▶ _AIM OF THE EXERCISE_
Print exactly those lines that run from the beginning of the data to the line bearing "Aster (Blue)", inclusive.

──────────────────────────────

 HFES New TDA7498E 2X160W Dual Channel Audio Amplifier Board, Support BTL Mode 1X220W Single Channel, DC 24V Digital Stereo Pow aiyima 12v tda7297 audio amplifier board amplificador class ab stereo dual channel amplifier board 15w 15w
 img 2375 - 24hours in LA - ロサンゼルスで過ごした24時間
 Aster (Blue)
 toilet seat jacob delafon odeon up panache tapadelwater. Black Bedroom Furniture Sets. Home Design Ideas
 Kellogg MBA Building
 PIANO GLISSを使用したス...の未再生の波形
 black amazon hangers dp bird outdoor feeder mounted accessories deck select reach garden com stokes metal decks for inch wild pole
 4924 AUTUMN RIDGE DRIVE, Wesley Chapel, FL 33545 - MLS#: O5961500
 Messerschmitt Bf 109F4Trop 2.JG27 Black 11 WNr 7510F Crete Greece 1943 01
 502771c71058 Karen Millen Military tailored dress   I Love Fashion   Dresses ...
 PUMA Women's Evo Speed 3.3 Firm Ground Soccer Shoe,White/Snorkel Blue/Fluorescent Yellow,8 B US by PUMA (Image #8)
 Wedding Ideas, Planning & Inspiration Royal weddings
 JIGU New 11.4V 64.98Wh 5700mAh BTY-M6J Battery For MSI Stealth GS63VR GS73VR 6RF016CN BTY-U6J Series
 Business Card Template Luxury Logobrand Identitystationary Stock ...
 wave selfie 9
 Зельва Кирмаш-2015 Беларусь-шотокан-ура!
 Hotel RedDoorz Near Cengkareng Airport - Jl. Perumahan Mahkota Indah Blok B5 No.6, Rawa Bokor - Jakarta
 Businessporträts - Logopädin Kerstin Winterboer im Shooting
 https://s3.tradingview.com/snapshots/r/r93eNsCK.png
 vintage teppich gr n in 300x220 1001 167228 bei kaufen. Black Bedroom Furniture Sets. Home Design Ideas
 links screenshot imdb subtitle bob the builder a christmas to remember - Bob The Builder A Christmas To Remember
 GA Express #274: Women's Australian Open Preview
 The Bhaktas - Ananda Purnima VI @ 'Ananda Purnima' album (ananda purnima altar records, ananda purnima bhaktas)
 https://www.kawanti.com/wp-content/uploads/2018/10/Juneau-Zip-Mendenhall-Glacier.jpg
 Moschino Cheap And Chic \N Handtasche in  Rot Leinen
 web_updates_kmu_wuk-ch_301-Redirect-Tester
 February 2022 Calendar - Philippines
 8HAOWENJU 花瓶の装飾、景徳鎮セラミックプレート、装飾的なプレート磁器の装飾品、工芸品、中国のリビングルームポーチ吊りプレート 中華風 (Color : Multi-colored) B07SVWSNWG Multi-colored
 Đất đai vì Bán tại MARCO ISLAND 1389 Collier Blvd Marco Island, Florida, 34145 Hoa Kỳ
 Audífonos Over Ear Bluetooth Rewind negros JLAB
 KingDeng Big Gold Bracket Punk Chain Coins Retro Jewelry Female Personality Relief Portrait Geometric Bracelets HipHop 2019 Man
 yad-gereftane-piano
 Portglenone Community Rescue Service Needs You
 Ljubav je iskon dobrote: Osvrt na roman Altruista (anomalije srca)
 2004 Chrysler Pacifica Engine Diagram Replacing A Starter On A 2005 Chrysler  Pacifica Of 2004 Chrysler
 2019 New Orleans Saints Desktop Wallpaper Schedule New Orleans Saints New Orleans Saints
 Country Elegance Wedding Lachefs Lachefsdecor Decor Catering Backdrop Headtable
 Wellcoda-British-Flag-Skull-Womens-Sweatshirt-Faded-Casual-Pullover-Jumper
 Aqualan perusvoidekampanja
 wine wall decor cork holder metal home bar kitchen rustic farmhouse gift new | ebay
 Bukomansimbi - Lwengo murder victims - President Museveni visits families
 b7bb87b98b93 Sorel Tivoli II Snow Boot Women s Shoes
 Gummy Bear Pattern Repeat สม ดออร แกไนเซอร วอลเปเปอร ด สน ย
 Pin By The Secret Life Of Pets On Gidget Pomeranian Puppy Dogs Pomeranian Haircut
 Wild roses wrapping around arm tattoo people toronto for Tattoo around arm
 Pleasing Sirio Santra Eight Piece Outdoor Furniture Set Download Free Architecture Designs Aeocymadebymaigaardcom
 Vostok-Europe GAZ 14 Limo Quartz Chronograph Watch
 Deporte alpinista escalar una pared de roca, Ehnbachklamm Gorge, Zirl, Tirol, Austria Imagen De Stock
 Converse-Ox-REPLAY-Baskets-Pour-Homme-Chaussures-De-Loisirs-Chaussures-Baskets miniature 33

──────────────────────────────

▶ _RESPONSE TO THIS TASK_
 HFES New TDA7498E 2X160W Dual Channel Audio Amplifier Board, Support BTL Mode 1X220W Single Channel, DC 24V Digital Stereo Pow aiyima 12v tda7297 audio amplifier board amplificador class ab stereo dual channel amplifier board 15w 15w
 img 2375 - 24hours in LA - ロサンゼルスで過ごした24時間
 Aster (Blue)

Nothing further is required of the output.